# Task brief:
Look through the listing below for the line containing "Table V. Civilian". Copy it and each line after it up to and including the line containing "Desert flora, Joshua", exactly, leaving out pictures.

# Material for this task:
#####
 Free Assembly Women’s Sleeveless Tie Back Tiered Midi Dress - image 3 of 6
#####
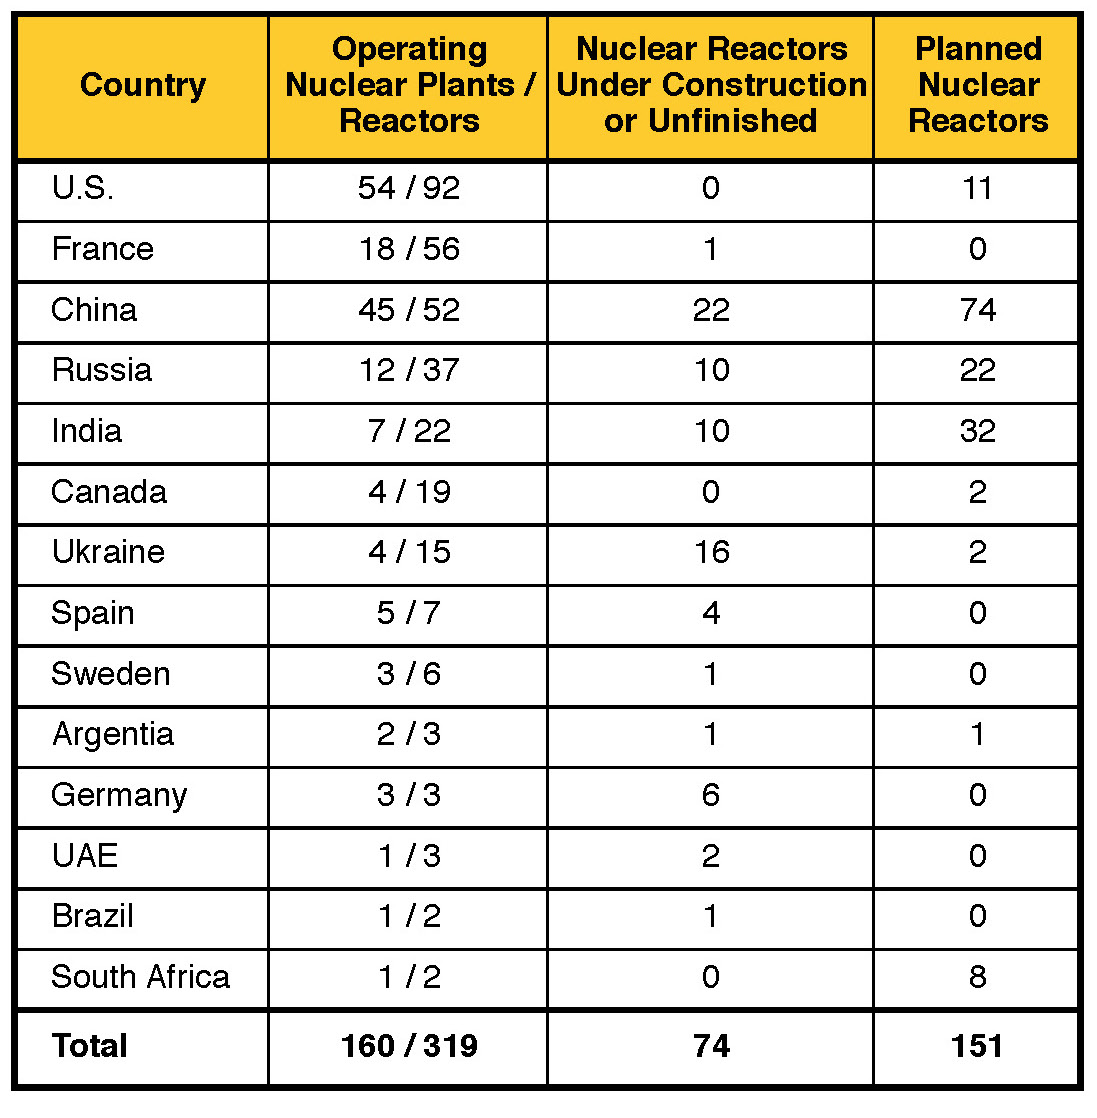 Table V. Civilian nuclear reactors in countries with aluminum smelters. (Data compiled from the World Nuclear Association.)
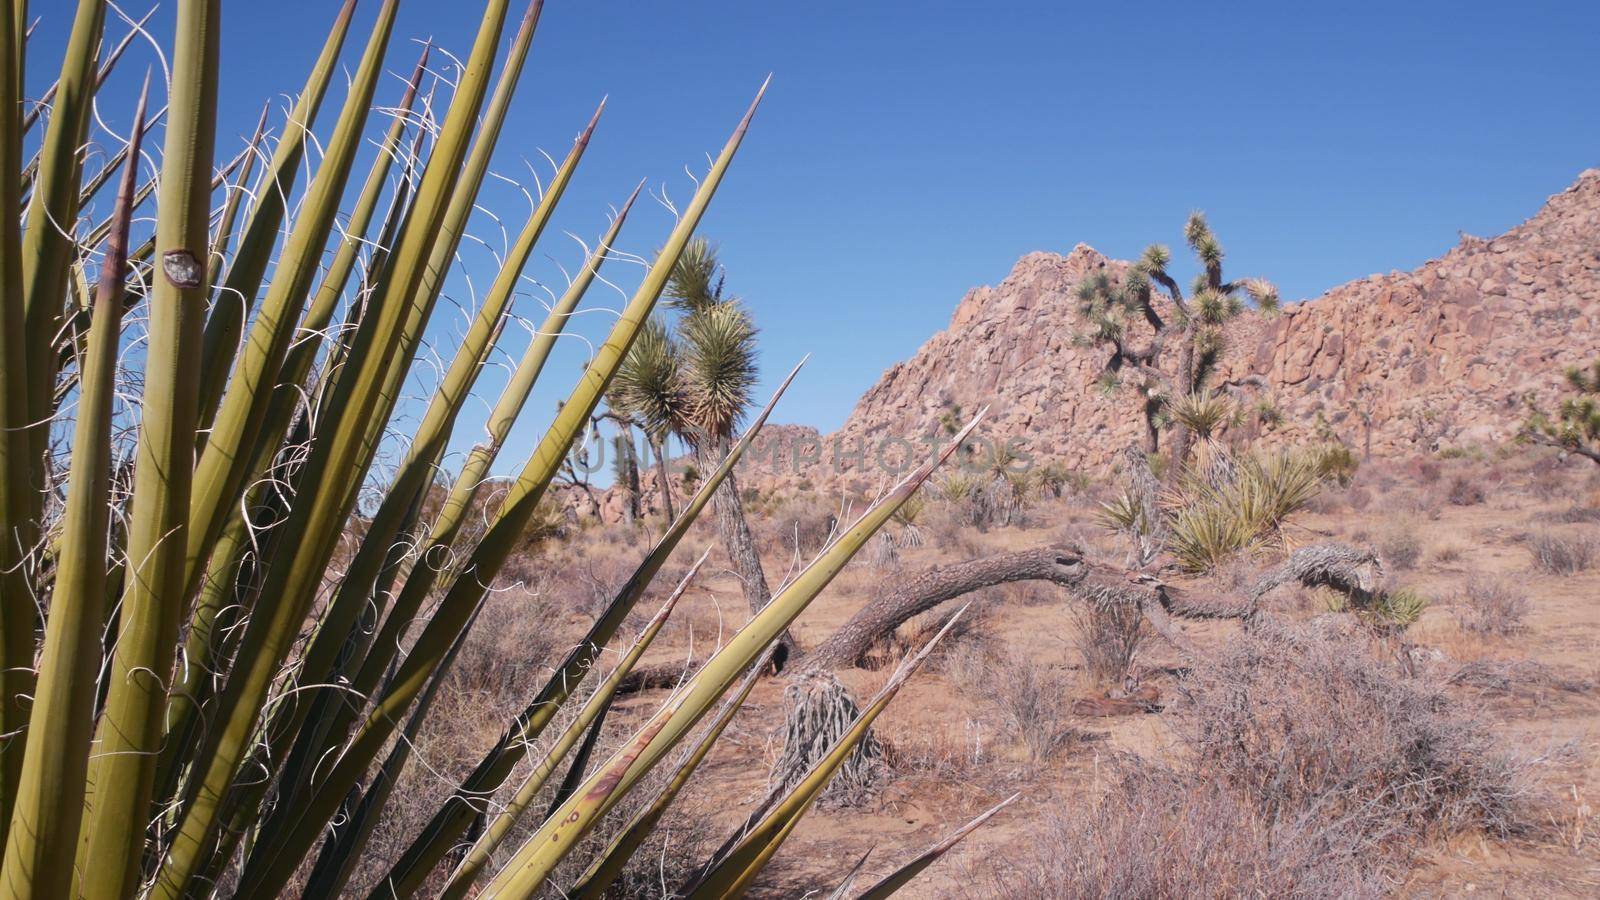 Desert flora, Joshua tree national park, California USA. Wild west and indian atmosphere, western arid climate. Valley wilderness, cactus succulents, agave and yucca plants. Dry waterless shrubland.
#####
# Task response:
 Table V. Civilian nuclear reactors in countries with aluminum smelters. (Data compiled from the World Nuclear Association.)
 Desert flora, Joshua tree national park, California USA. Wild west and indian atmosphere, western arid climate. Valley wilderness, cactus succulents, agave and yucca plants. Dry waterless shrubland.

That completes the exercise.